_WHAT TO WORK ON_: Exclude the pictures and repeat all of the data exactly.

[DATA SHOWN — start]

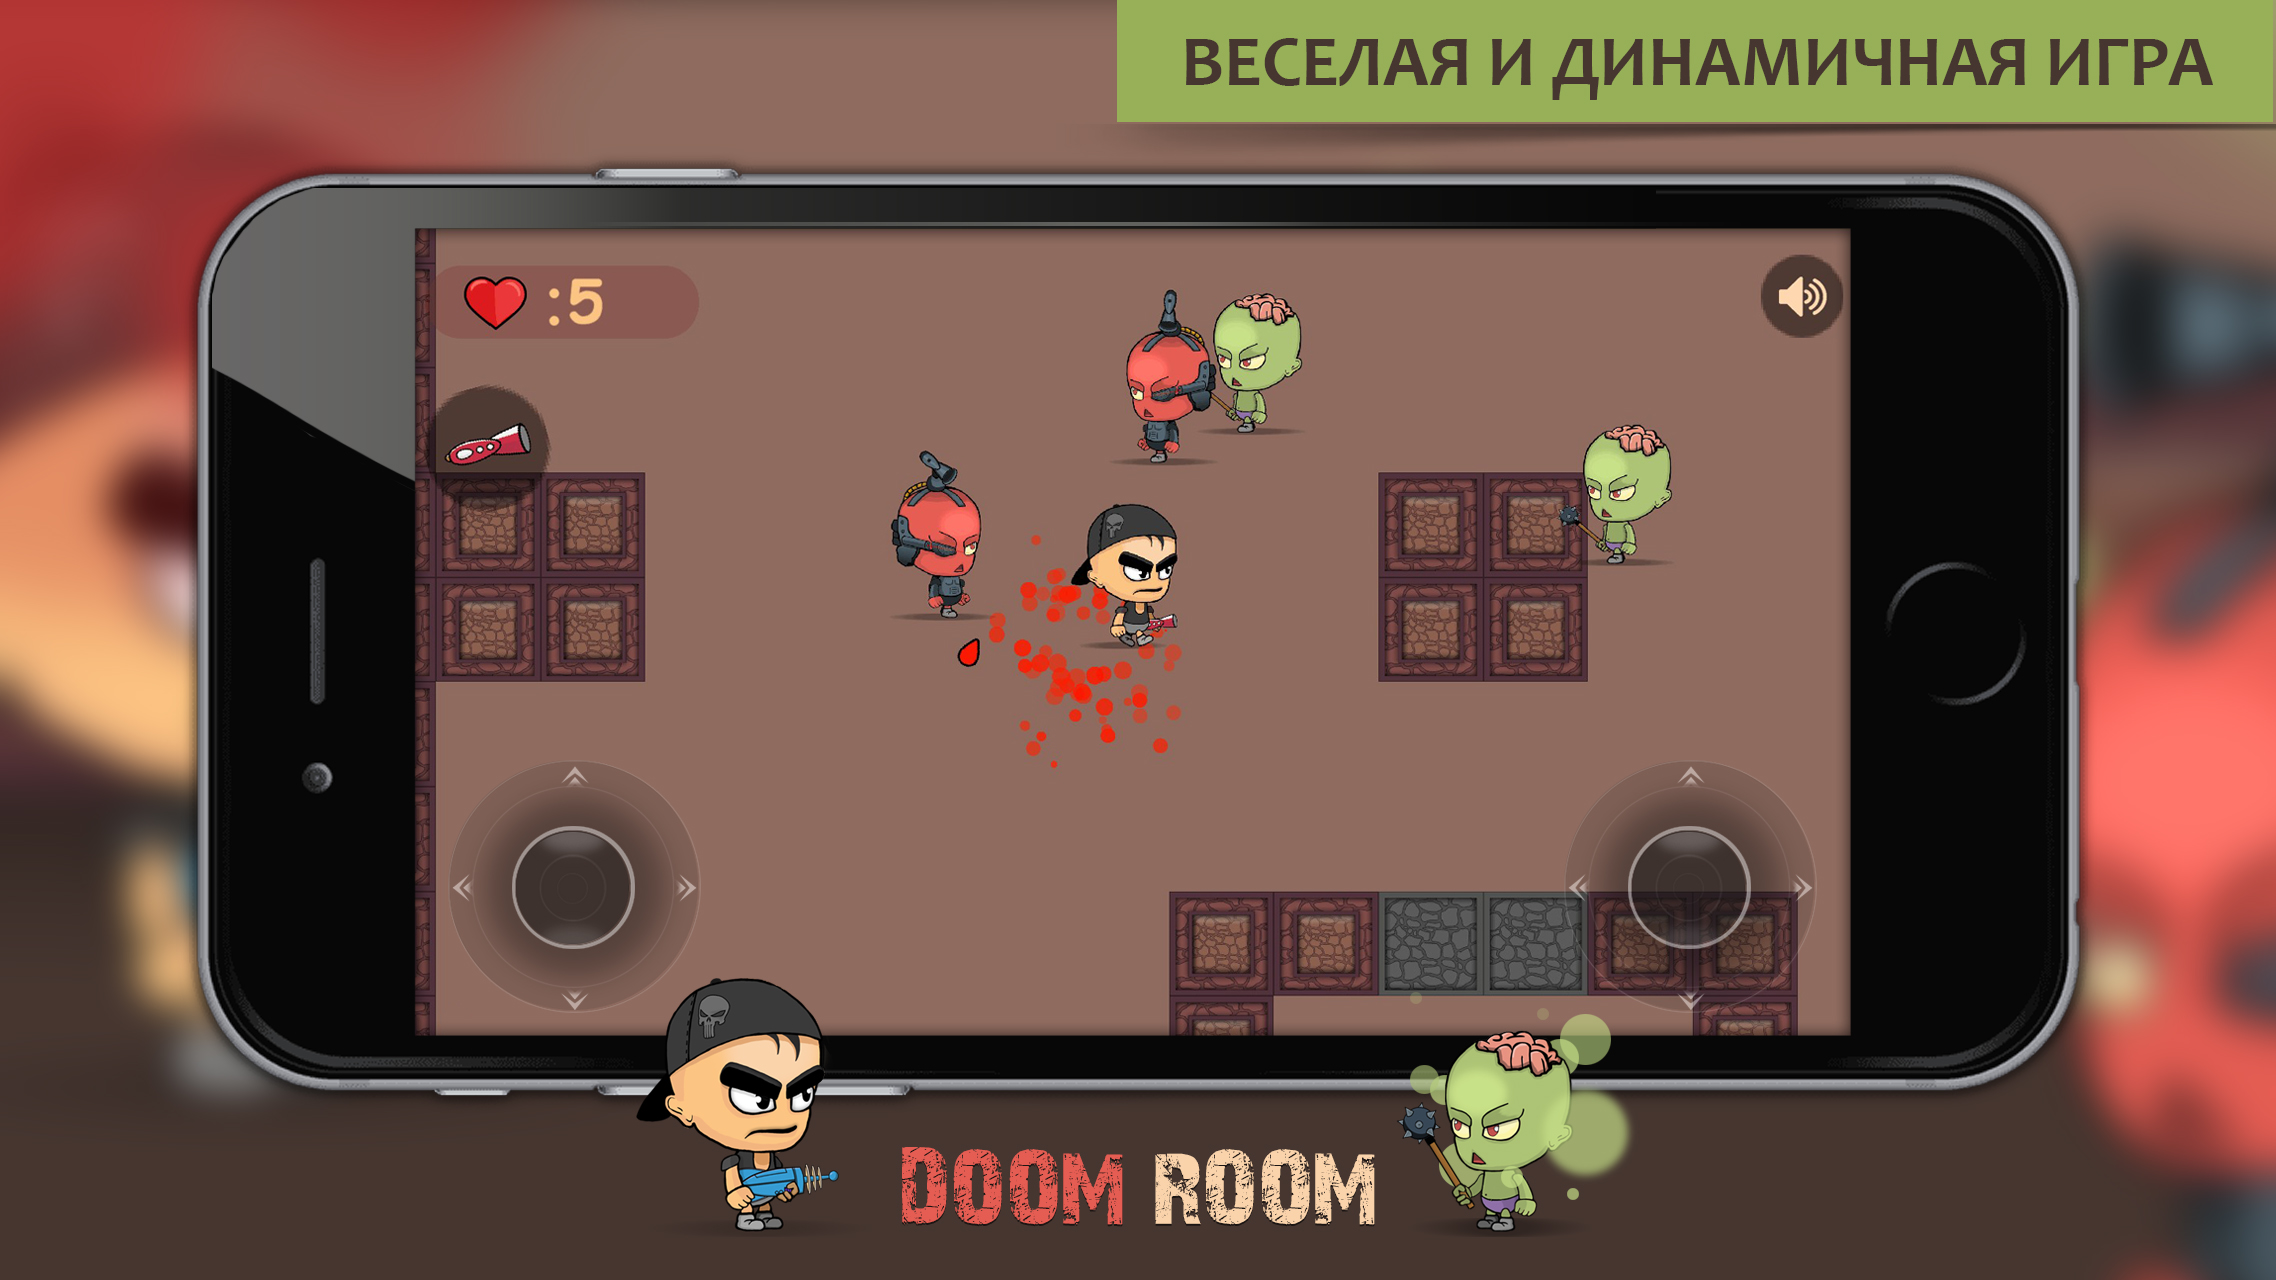 Doom Room - Лабиринт – Скачать Приложение Для Android – Каталог.
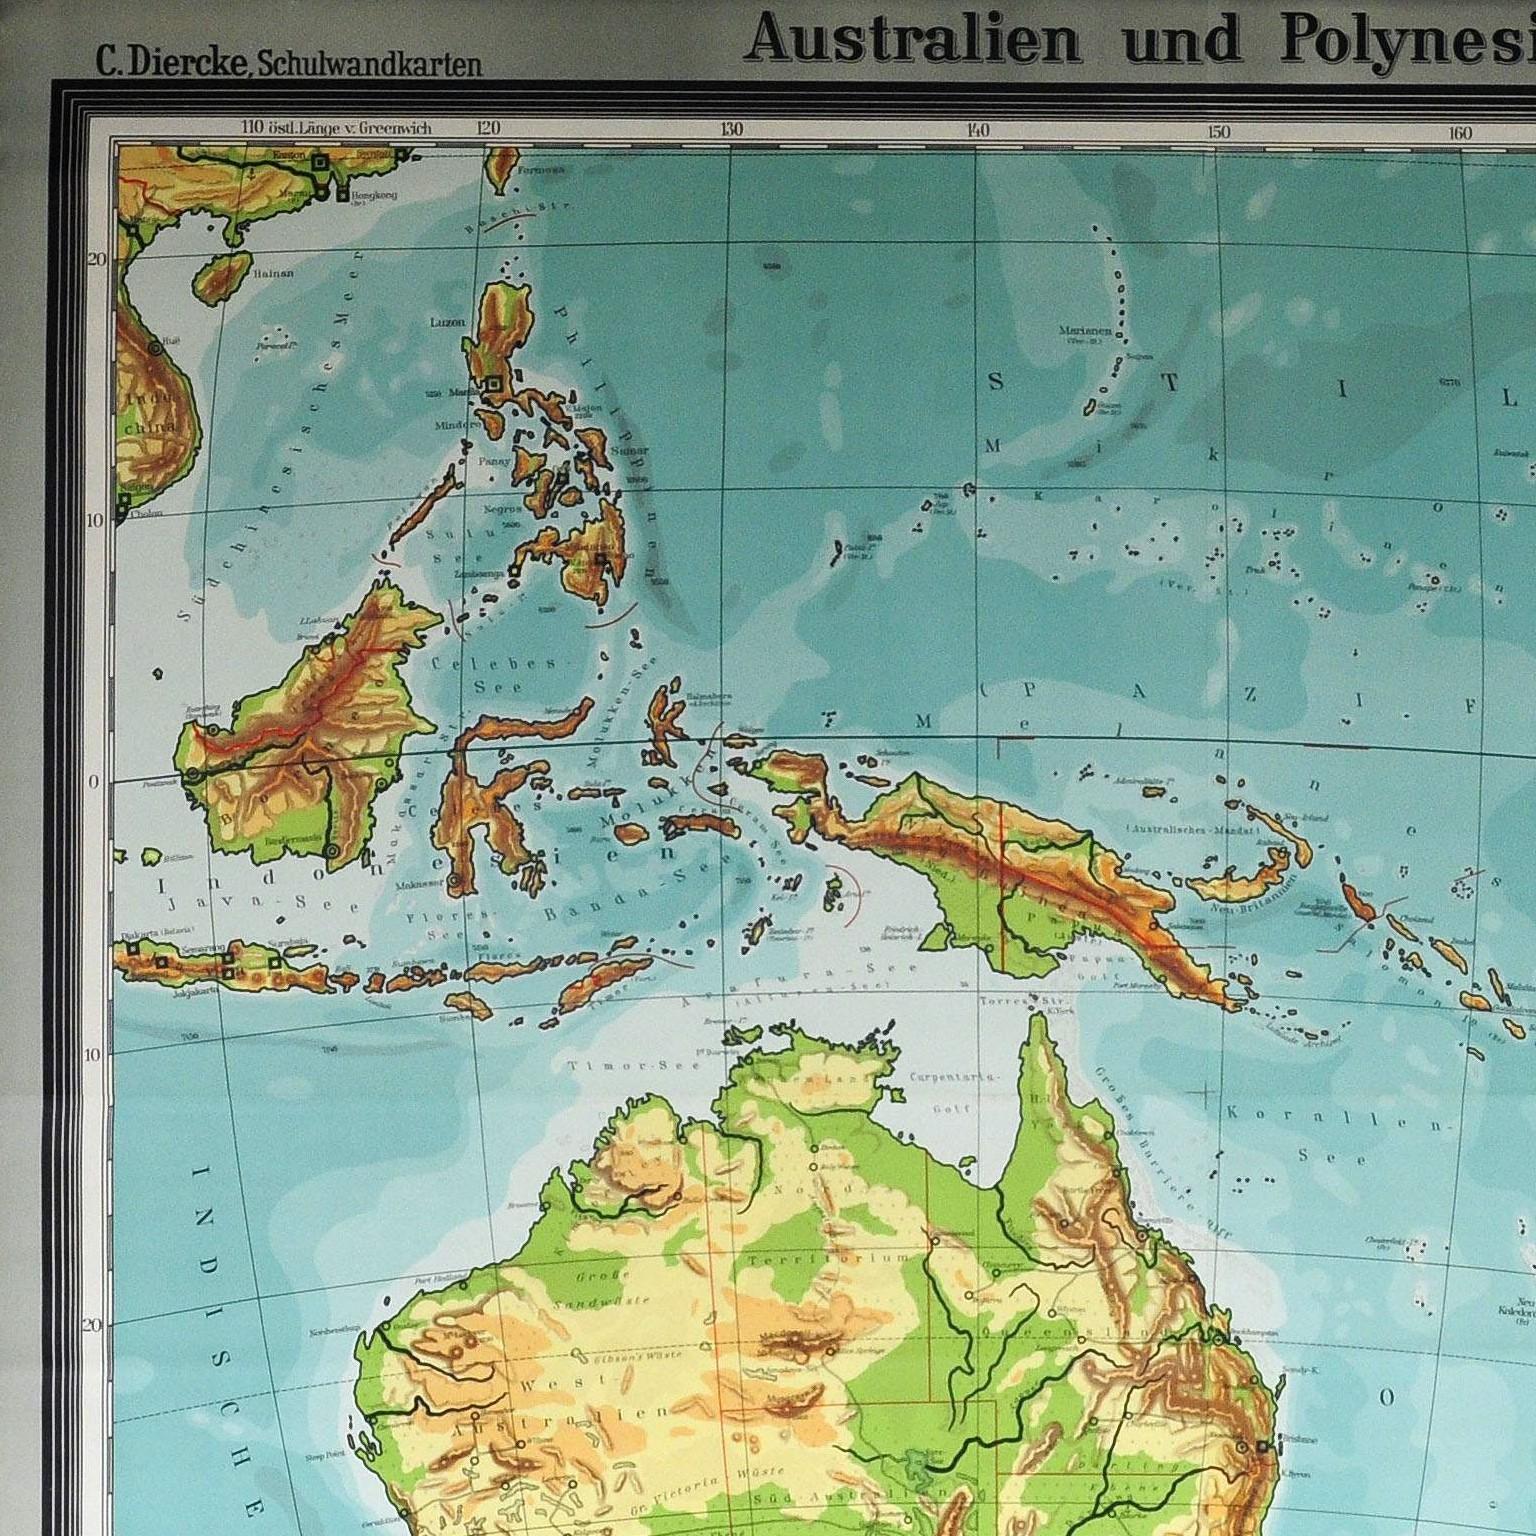 Wandkartenplakat „Vintage“, Rollbar, Australien, Neuseeland, Polynesia

Eine schöne alte Schulkarte, die die beliebte Region Australien und Polynesien zeigt. Als Unterrichtsmaterial in deutschen Schulen um die 1970er Jahre verwendet. Farbenfroher

[DATA SHOWN — finish]

_COMPLETED TASK_:
 Doom Room - Лабиринт – Скачать Приложение Для Android – Каталог.
 Wandkartenplakat „Vintage“, Rollbar, Australien, Neuseeland, Polynesia

Eine schöne alte Schulkarte, die die beliebte Region Australien und Polynesien zeigt. Als Unterrichtsmaterial in deutschen Schulen um die 1970er Jahre verwendet. Farbenfroher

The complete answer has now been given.